In 2016 historian Jock Philips told The Nation that Rangiaowhia was an “appalling act of genocide.” Challenged in a Broadcasting Standards Authority review, he doubled down.[67]  On Waitangi Day 2017 Susan Devoy, speaking as Race Relations Commissioner, told both an audience and Bay of Plenty Times readers that “women and children who sought shelter in a local church were locked inside and the church burnt to the ground.”[68] In October of the same year Waikato University professor Tom Roa, calling for recognition of the Rangiaowhia fallen, reminded admirers of Marmaduke Nixon’s magnificent memorial statue at the crossroads in Otahuhu that “Nixon was shot and his troops set alight the town church, killing 12 people who were hiding inside.” [69](103? 144? 12? Is this inflation or deflation?)Roa was a prime mover in having a memorial erected at Rangiaowhia in 2014 to mark the 150-year anniversary. These words are now literally set in stone: “This stone is a memorial to the atrocities suffered by Ngati Apakura, Ngati Hinetu and others here at Rangiaowhia on the 21st of February, 1864.”[70]

Devoy’s theme had been that learning our nation's past is a way to safeguard the nation’s future. When one struggles to find any truth at all in the stories about the past being told, and discovers instead that they are just stories without foundation in truth, then we discover the past is no guide at all.

Perhaps a public health warning would be helpful over too much reliance on history by “Chinese whispers.” In a courtroom, evidence adduced by a witness must either be something they saw or something they read. Stories told by one person to another are not evidence: they are hearsay. Another name for “oral history” is gossip. Interesting, but unreliable – like memes on social media. Fake news. 

A 2013 Massey University Masters thesis Waahine Maaori Voices from the Embers of Rangiaowhia reveals an interesting twist.
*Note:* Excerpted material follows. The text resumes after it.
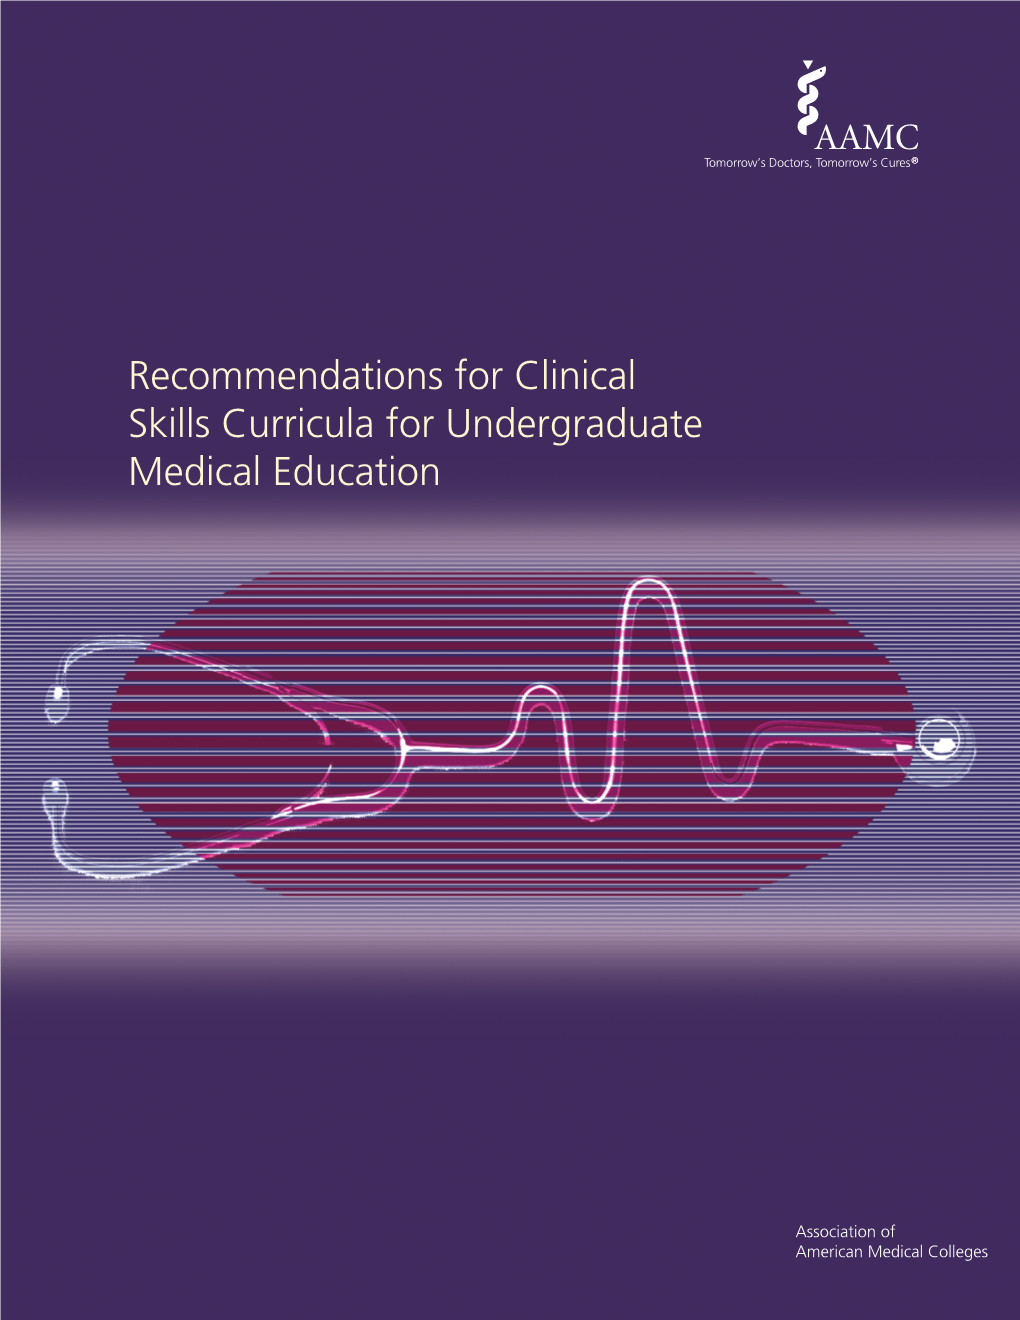 Recommendations for Clinical Skills Curricula for Undergraduate Medical Education

In the thesis, published a year before the Otorohonga College students visited Rangiaowhia, Masters candidate Hazel Coromandel-Wander seeks “to examine and understand the impact of the Rangiaowhia burning on generations of descendants, past, present and future.”[71] The impact. Not the evidence. She rejects, she says, the “common sense notion that academics can, and should, write from a position of objectivity.”[72] Which is clear from reading the work.[73] 
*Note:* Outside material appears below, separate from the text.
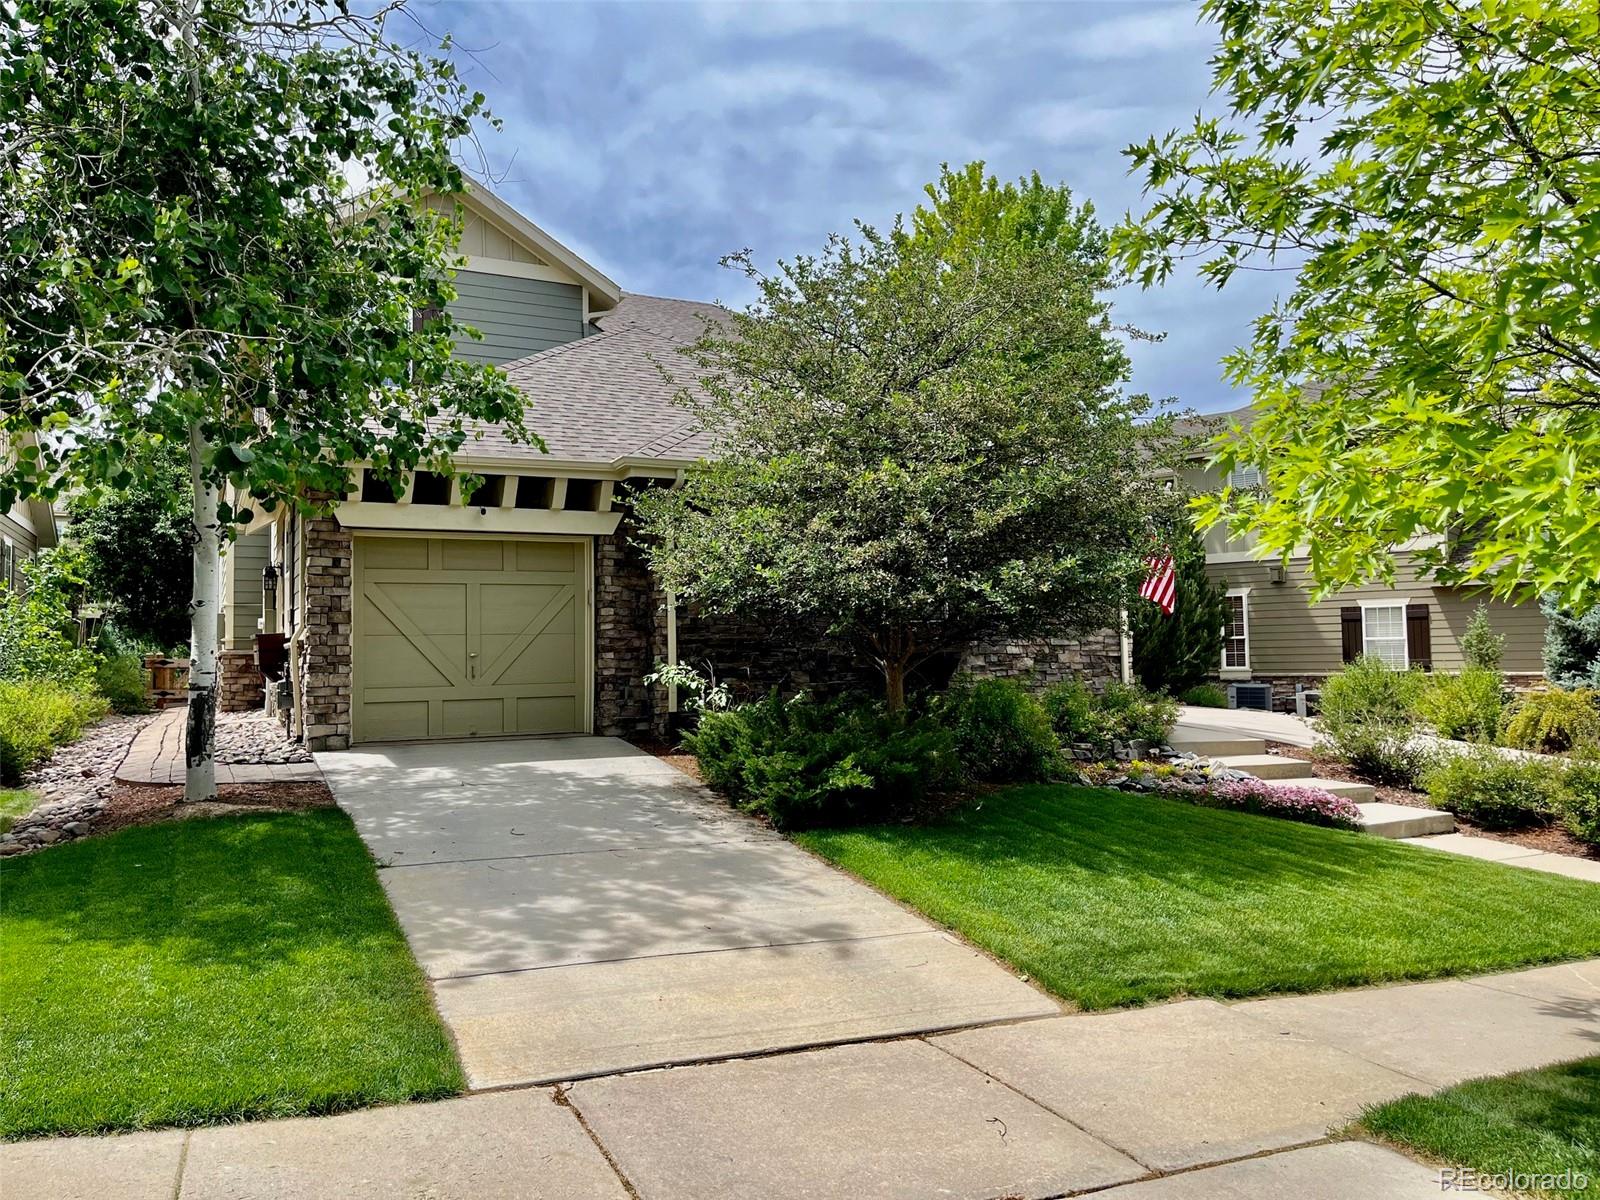 24540 e roxbury place, aurora sold home. Closed on 2024-05-10 for $830,000.

Setting the scene for her story “based on oral traditions praxis of my kuia ‘handed down’ by three generations of her whanau,” Coromandel-Wander writes that her kuia’s “eyewitness account of the massacre at Rangiaowhia February, 1864, ‘talks back’ to the oppressive power systems that brand the indigenous as guilty.”[74] Twelve-year old Wikitoria is the source of the eye-witness accounts – her great-grandmother – she and other teenagers were said to be hidden undercover of the swamp weed while the soldiers were attacking the village.[75] Here is the entirety of Coromandel-Wander’s account, in her thesis, of a massacre:

When the alarm was raised in the village the elderly along with the young mothers and their babies ran into both the Rangiaowhia Catholic Church and the Anglican Church for refuge. The Crown’s Troopers set the Catholic Church on fire (Barber 1984) and kept their guns trained on the exits to make sure no one could escape. All those who sought the safe haven of the Rangiaowhia Catholic Church were killed.[76] 
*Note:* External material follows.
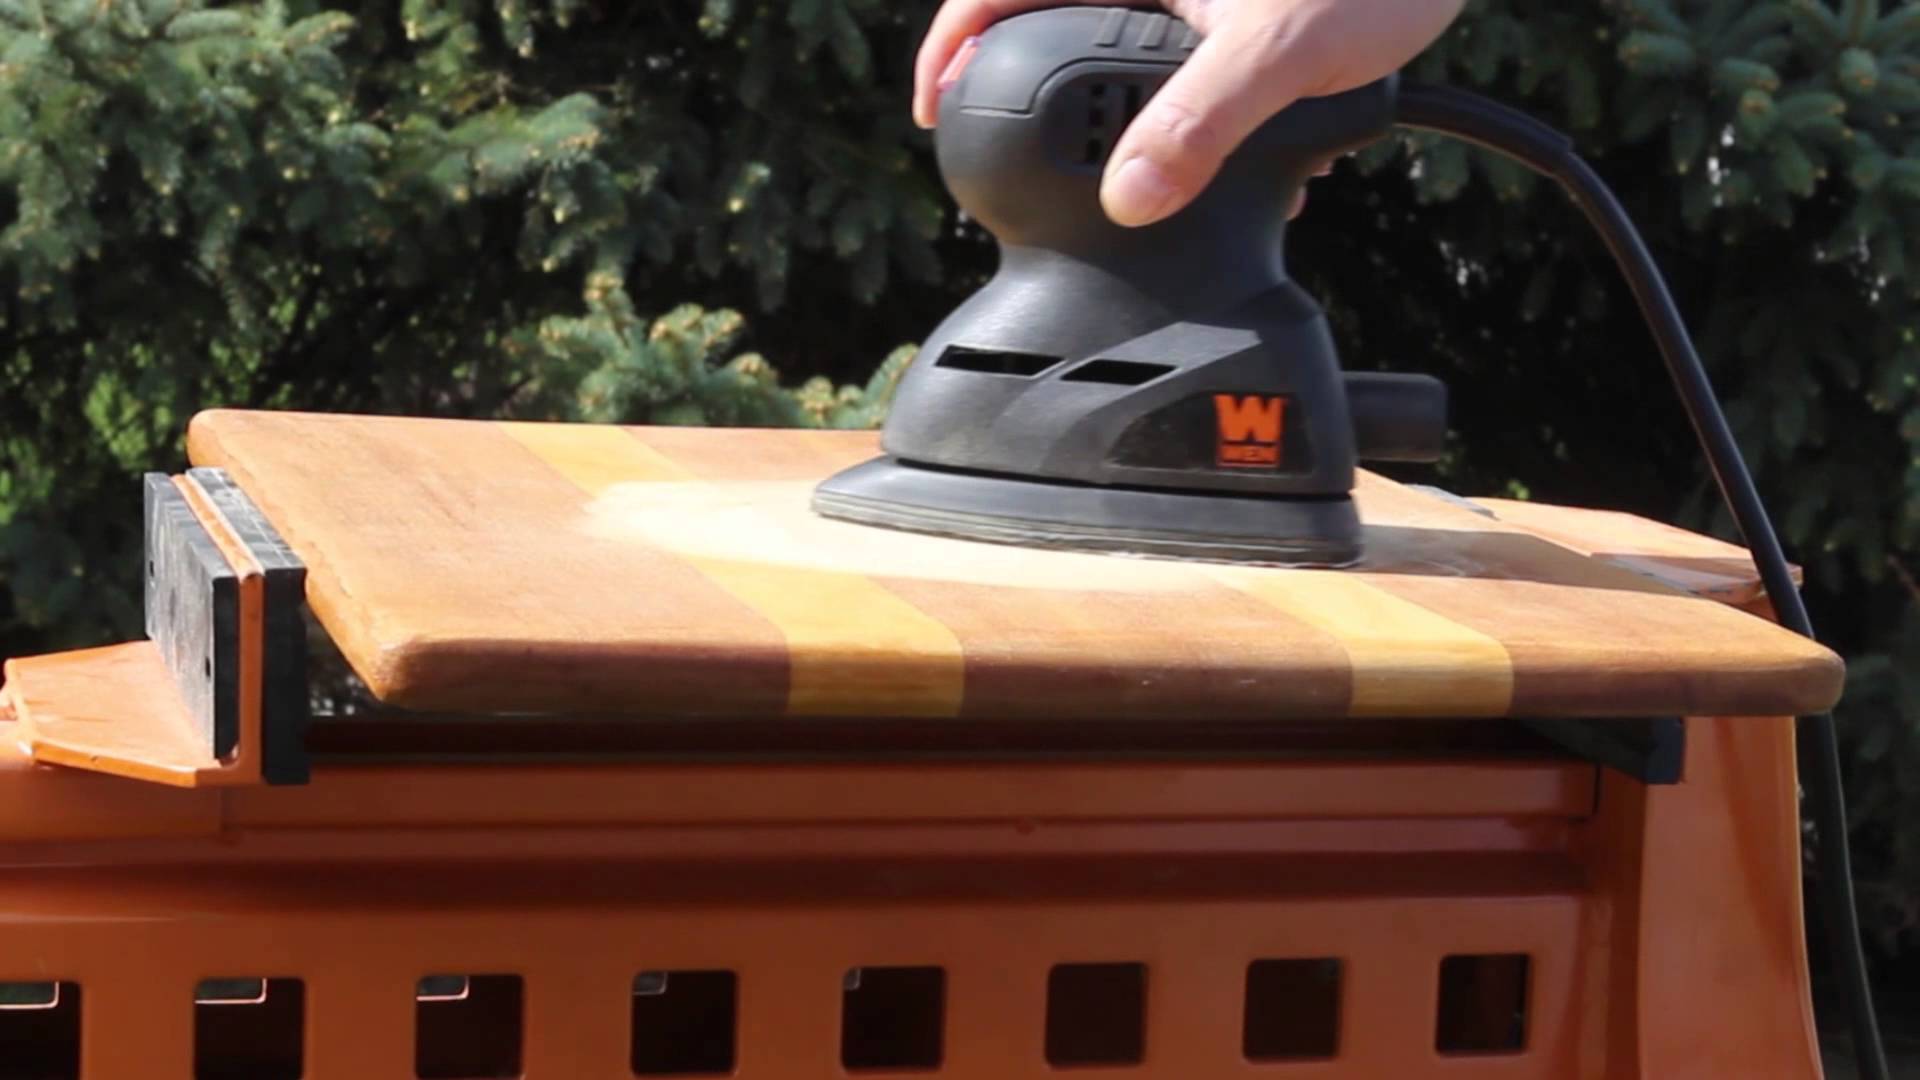 Features To Look For When Buying A Sander

This would be devastating if true. The paragraph is supplemented by an account from her oral histories that “…Hongihongi was a young boy, he was in the [Anglican Church], he broke a hole in the back of the church so the old people could escape.”[77]  (The square brackets are her own.)

Church burning is historically evocative. Stories and accounts of church doors being chained and people inside being burned alive stain the pages of history, from Cromwell’s savagery in Ireland to Nazi inhumanity across Eastern Europe. The atrocities are emblematic of holocaust – which is why authors of fiction employ them.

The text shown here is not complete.